Pro sports have the power to produce the highest of highs and the lowest of lows. We can all recall moments from our favorite teams that shaped our lives and brought us tremendous joy or painful heartache. As ABC’s Wide World of Sports once reminded us weekly, sports consist of the “thrill of victory and the agony of defeat.”

Pittsburgh Steelers fans have certainly experienced their share of victory and celebration with the team winning six Super Bowls. But they have also experienced those excruciatingly painful moments that broke hearts and shattered dreams. This series looks back at five devastating plays that crushed the souls of die-hard Steelers fans.

No. 5: Say it ain’t so, Joe (Montana)

No. 4: Phantom roughing the kicker penalty

No. 3: Three yards to glory

No. 2:  Tim freakin’ Tebow

No. 1: Take two sinks Steelers

Background: Jan 28, 1996, Super Bowl XXX, Steelers vs. Cowboys in beautiful Tempe, Ariz. Both teams were vying for a coveted fifth Super Bowl trophy to tie the San Francisco 49ers. Dallas jumped out to a 13-0 lead before Pittsburgh scored in the waning seconds of the half on a Neil O’Donnell to Yancey Thigpen touchdown pass to make it 13-7 at the break.
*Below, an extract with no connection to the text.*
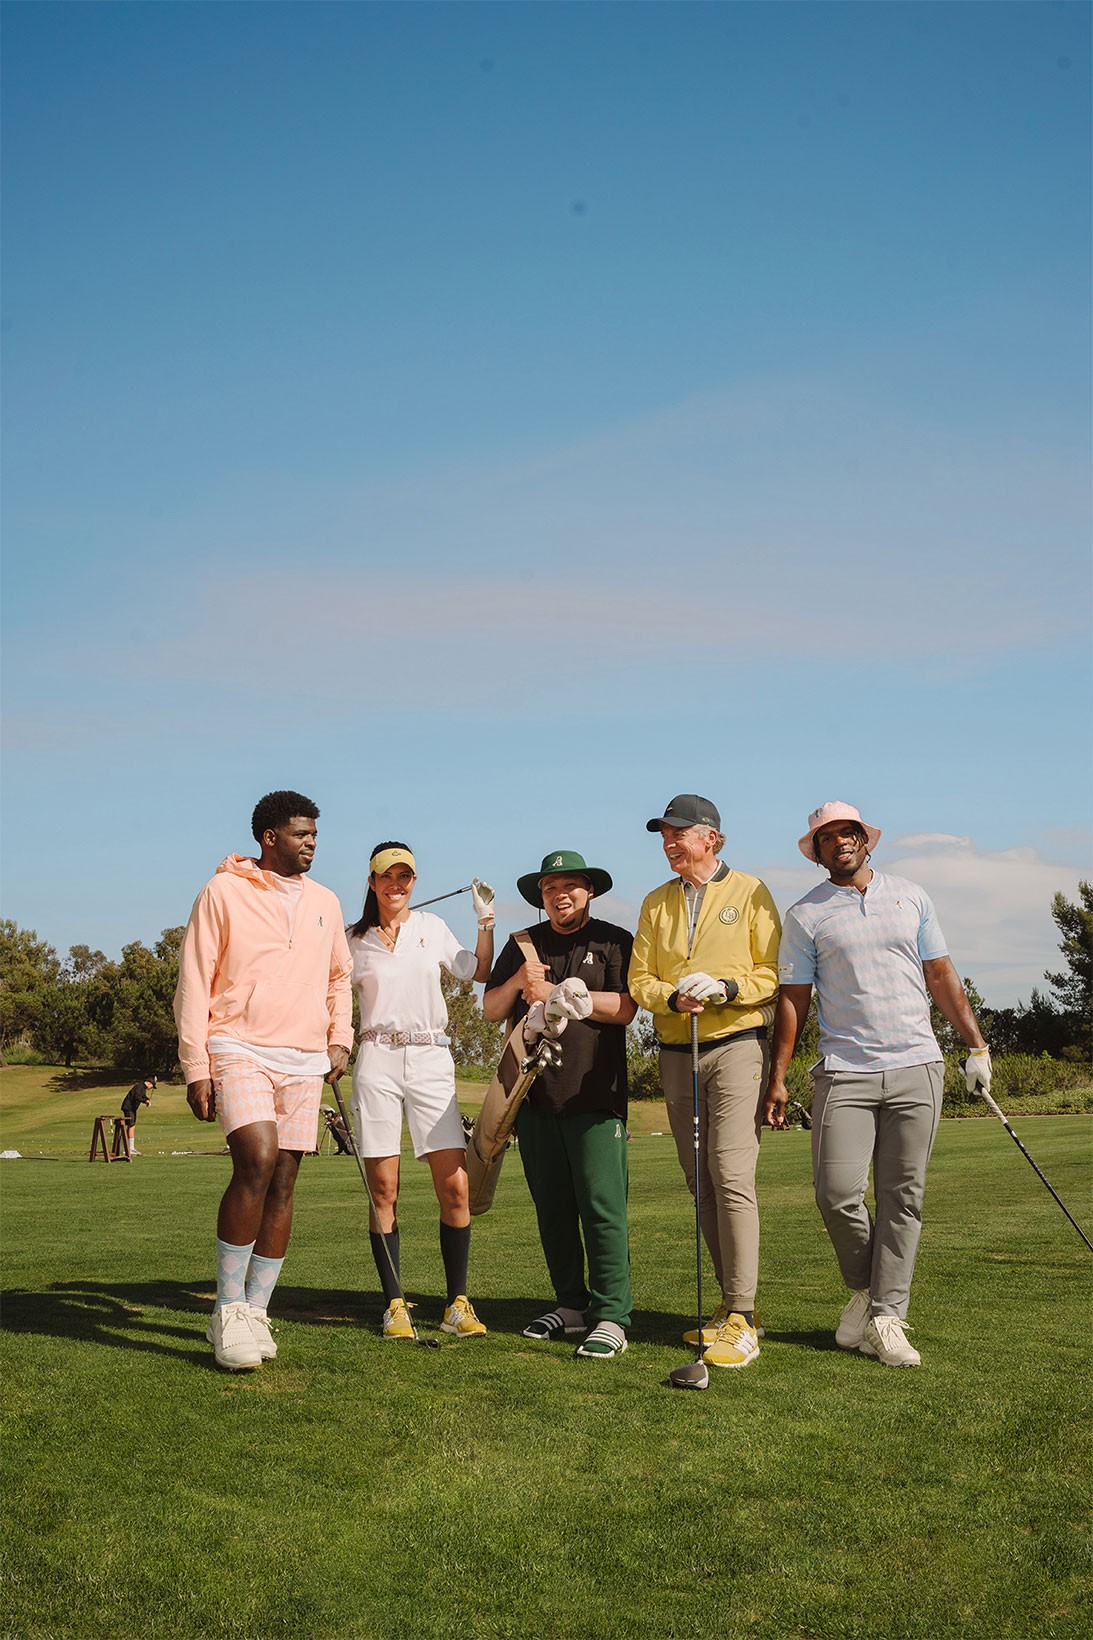 adidas выпустил гольф-коллекцию в стиле комедии «Счастливчик Гилмор» (фото 15)

In the third quarter, Larry Brown intercepted his first pass of the game, setting up an Emmitt Smith touchdown to make it 20-7. That was the score heading into the fourth quarter. In the final stanza, Norm Johnson hit a field goal to make it 20-10 and Bill Cowher rolled the dice on a gutsy onside kickoff that surprised Dallas and the Steeler recovered the ball. Pittsburgh marched down the field and Bam Morris punched it in to make it a 20-17 game. Momentum was clearly on the side of the Steelers. Levon Kirkland sacked QB Troy Aikman, forcing the Cowboys to punt, giving the Steelers the ball with 4:15 remaining. The Steelers were in business. Until they weren’t.

The play: The Steelers’ hopes and momentum were short lived. On second down, lightning struck twice when Brown intercepted his second O’Donnell pass of the game and ended the Steelers’ hopes of Super Bowl win No. 5. Shortly after, Smith scored again, cementing a 27-17 victory for the Cowboys.

Why it stung: The pain of this play was that the Steelers had fought like hell to get back in this game and had all the momentum on their side. Steelers fans were brought back to life after being demoralized early in the game to thinking that this was going to be one of the greatest comebacks in history. And then the air was taken out of our sails with extreme prejudice. It was pain akin to being one number away from hitting the lottery. SO CLOSE. And to boot, we weren’t used to losing Super Bowls.  It had never happened and didn’t seem possible. Yet, we are left to live with that image burned into our brains for the rest of eternity. Thanks a lot, Neil.